Дорога на Мар-Кюель
О старательской артели «Амур» слышали все. Но сколько бы ни говорили и сколько бы ни писали об этом золотопромышленном предприятии, все будет мало. Потому что - все бы так работали. Предлагаемые сегодня нашим читателям путевые заметки - это лишь короткие штрихи долгих будней золотоискателей.
Первые километры
Из Белькачей, главной выходной базы «Амура» на территории республики Саха (Якутия), мы выехали в шестом часу утра. Путь предстоял неблизкий, около 250 км до другой базы - Мар-Кюель. За кабиной на полуприцепе мягко покачивается 25-кубовая бочка с авиакеросином. Этот серьезный груз и предстояло доставить в воздушную гавань артели. 250 километров даже для такого тяжеловеса, как наш КрАЗ, сущий пустяк: часов пять по нормальной дороге. Но «нормальных» дорог на таежных просторах Алданского нагорья нет. «У нас не дороги, а одни направления», - любимое изречение старательской шоферской братии.

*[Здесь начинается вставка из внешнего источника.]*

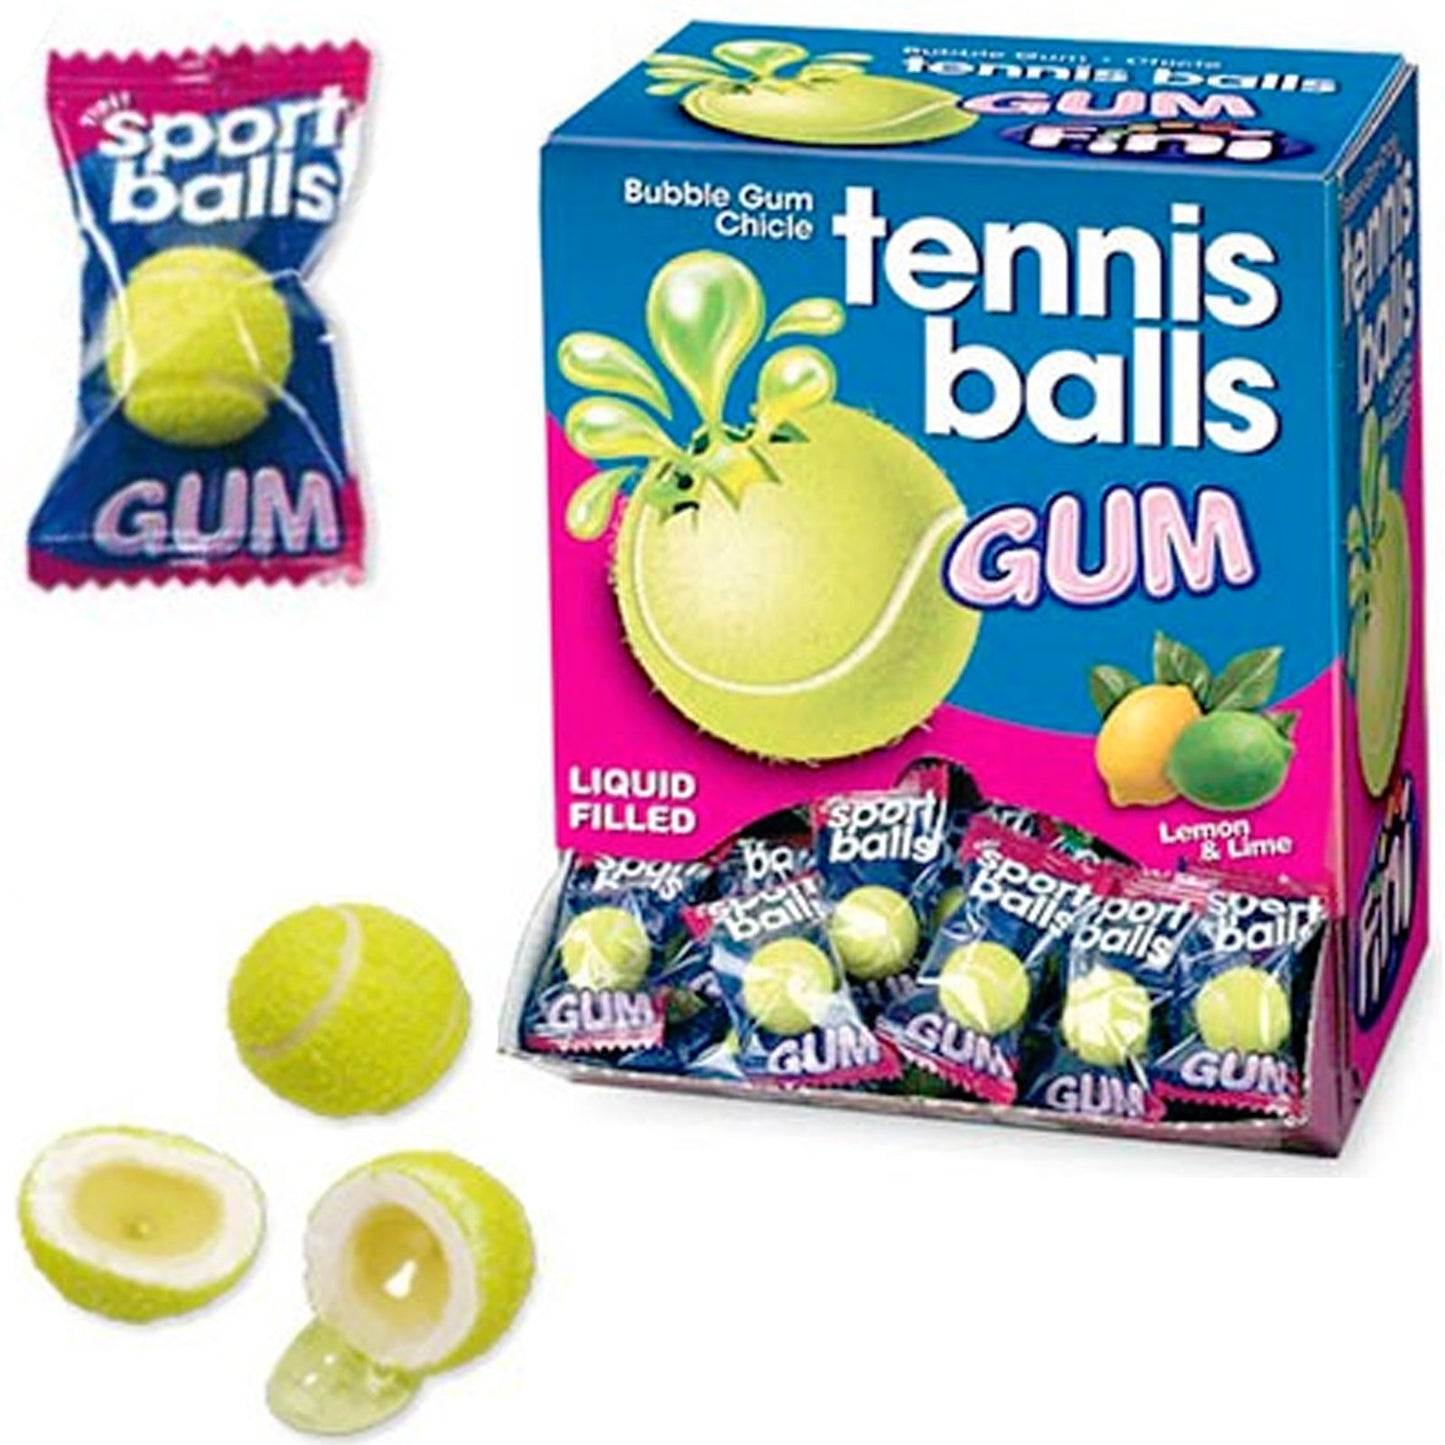 Fini tennis ball gum
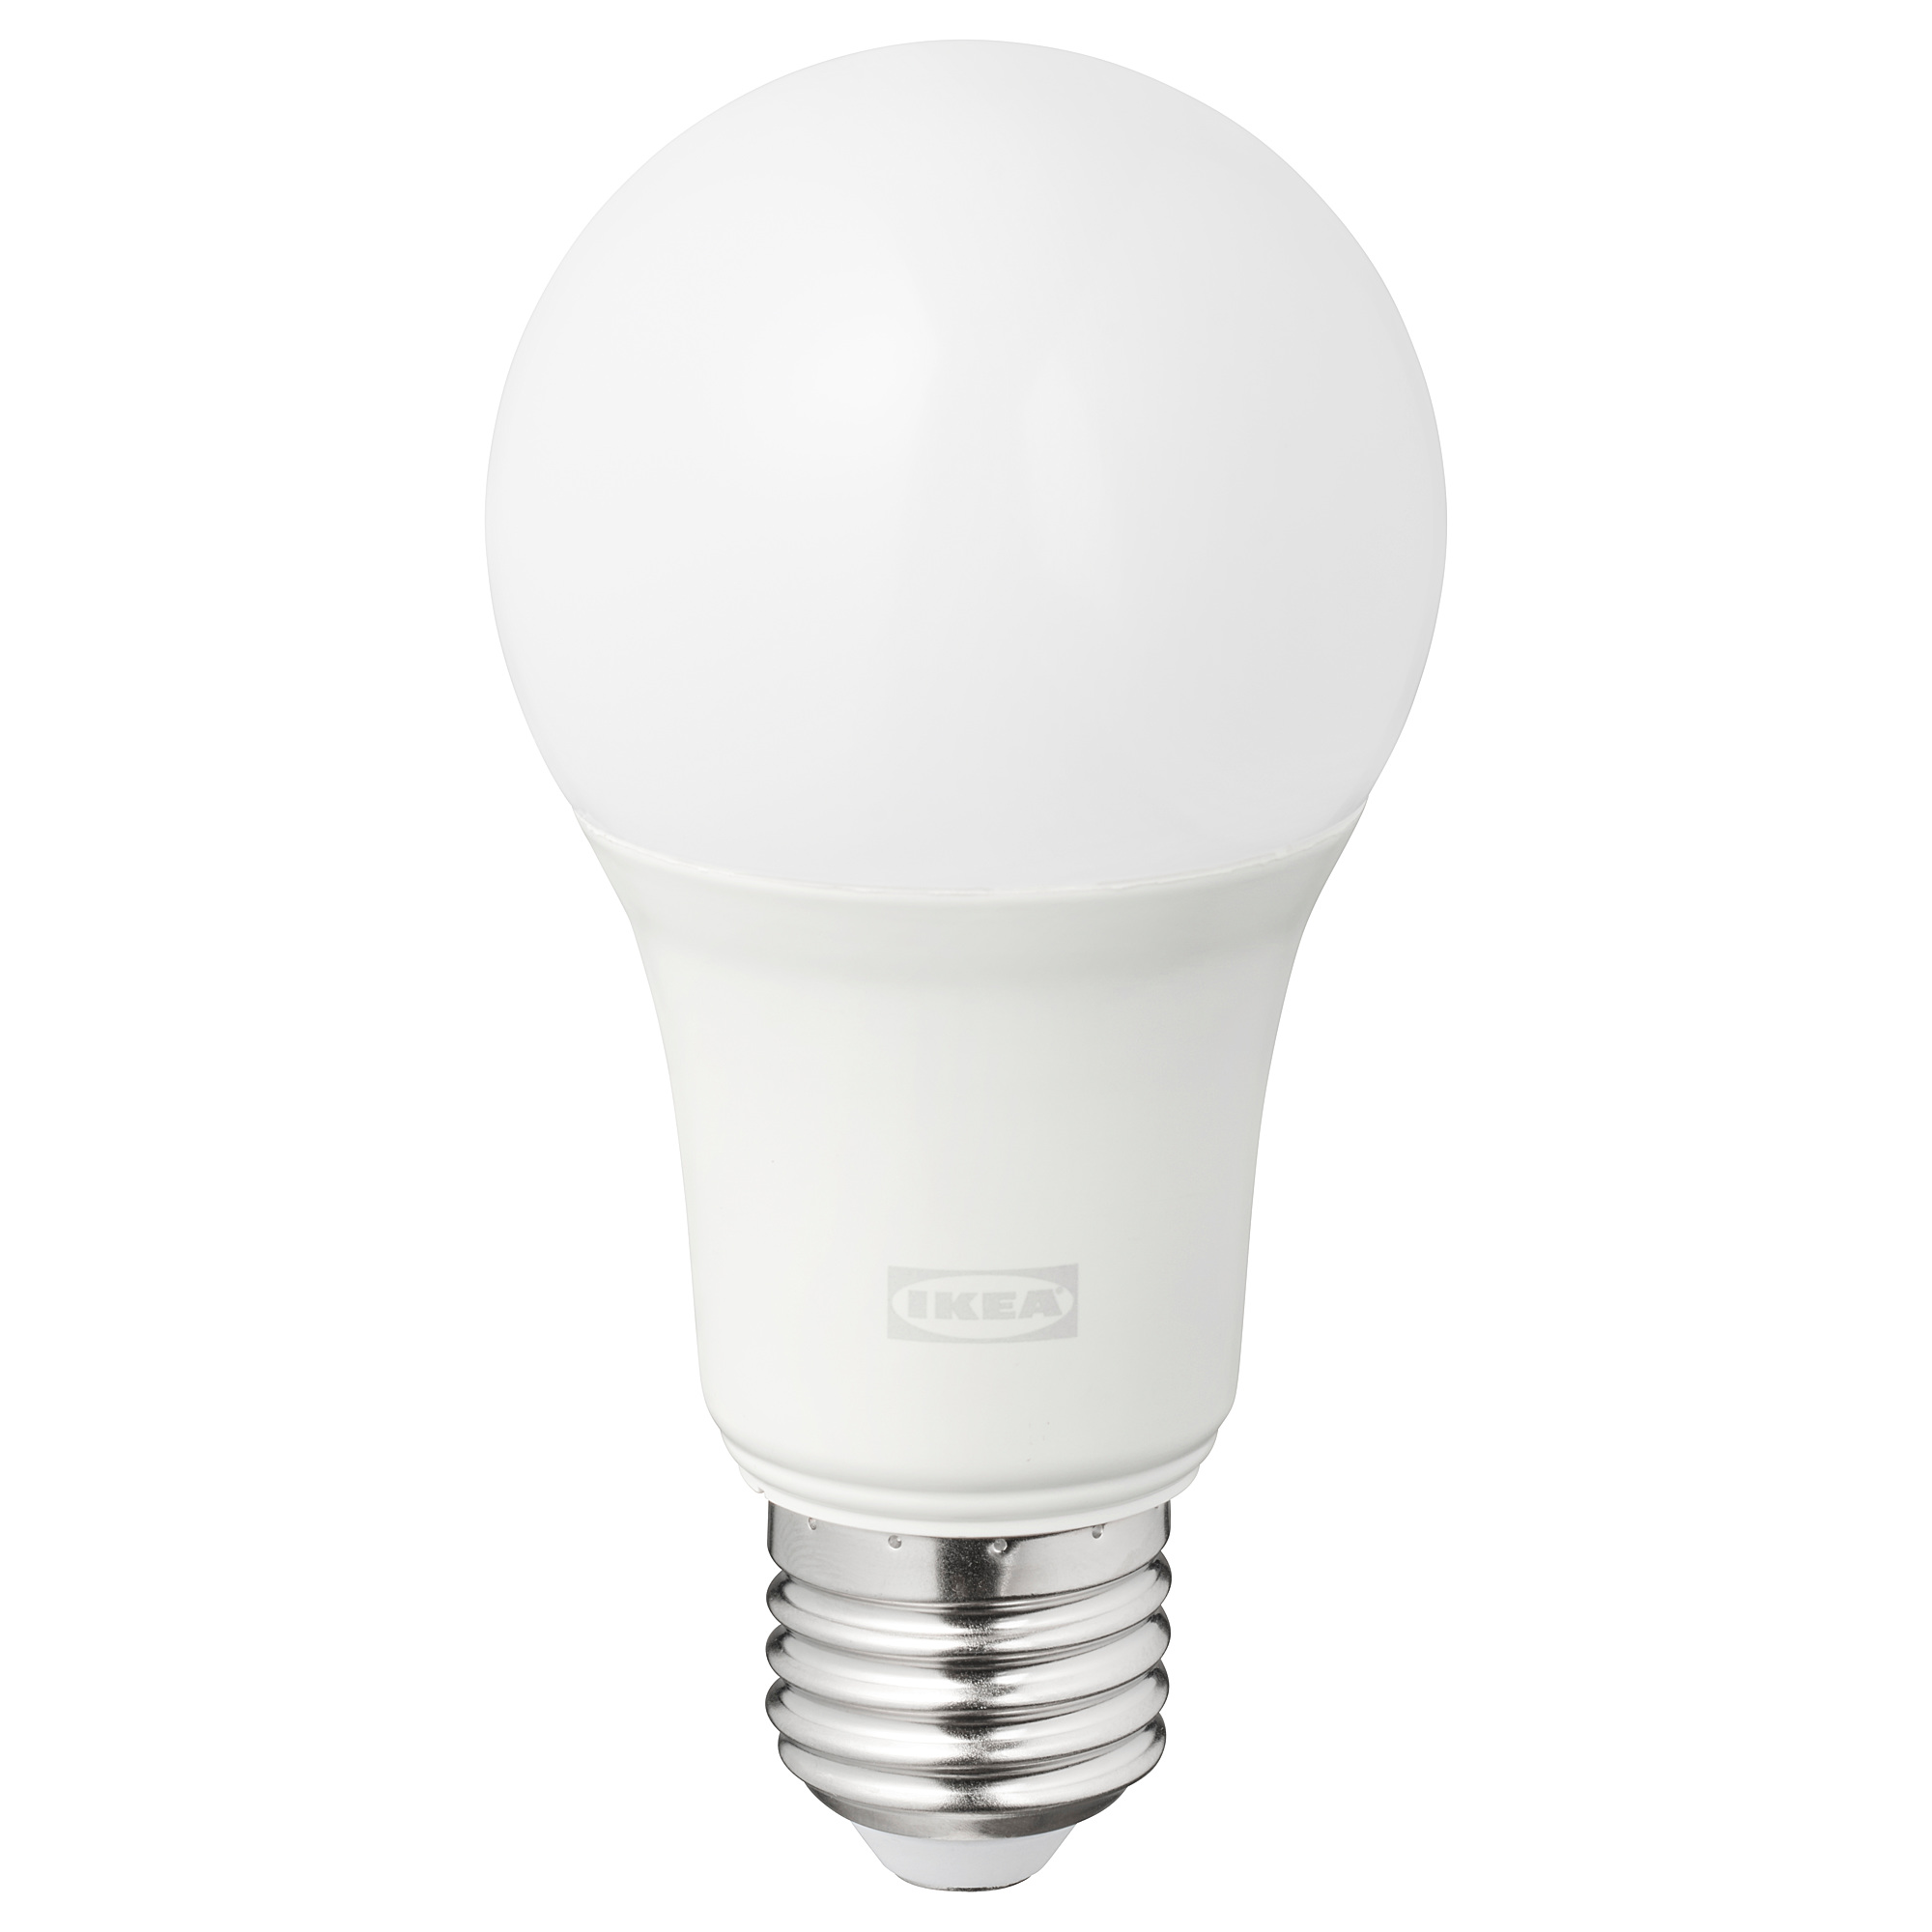 TRÅDFRI LED bulb E27 806 lumen

Дорога длинная, слово за слово - разговорились. Водитель Виктор Горбик - наш, хабаровский, в свое время прошел школу БАМа, а по зимним трассам «Амура» колесит уже одиннадцатый сезон. Где только не побывал за эти годы! А вскоре выяснилось, что однажды наши пути уже пересекались.
Вскоре нас нагнали еще две машины. «Это Володя Проскуряков и Александр Киреев на таких же КрАЗах, - сказал Виктор. - Тоже тащат бочки с керосином, теперь так караваном и будем идти, вместе веселее и надежнее».
Позади уже осталось километров 90, и дорога потянулась по склону хребта с любопытным названием - Олега Ытабыт. Где-то на его вершине мы пересечем границу Якутии и окажемся уже на территории Хабаровского края. Вроде бы одна, российская земля, а некоторые законы по обе стороны этой невидимой границы разные. К примеру, до недавнего времени, чтобы въехать на территорию Якутии, нужно было специальное разрешение. И вспоминаю, какие проблемы возникали у моих спутников в аэропорту Нерюнгри, если таковых бумаг у них не было.
Виктор вдруг резко тормозит, и я замечаю, как из-за поворота выскакивает оленья упряжка и каюр с ходу направляет ее на обочину, уступая нам дорогу. Видно, как тяжело дышат олени, наверное, издалека бегут. «В соседнее стойбище чайку попить едет, - комментирует Виктор. - Однако и нам хлебнуть не мешает, до «половинки» еще далеко, а душа просит». Он выбирает участок пошире, чтобы не мешать встречным машинам, и притормаживает. Вытаскивает неведомо откуда фанерку, прилаживает ее как столик. Следом появляются термос с кофе, хлеб, масло, сало. И как-то совсем уютно стало в просторной кабине КрАЗа, с незаглушенным мотором. Все долгие месяцы на зимнике водители не глушат двигатели, днюя и ночуя в кабинах. Сложнейшие трассы, трескучие морозы - адский труд...
«Половинка»
Термин этот сугубо старательский. Обозначает он пункт отдыха водителей на зимних протяженных трассах, где можно пообедать, заправиться топливом, подремонтироваться. Обычно стоят они посредине пути, оттого и называются «половинкой».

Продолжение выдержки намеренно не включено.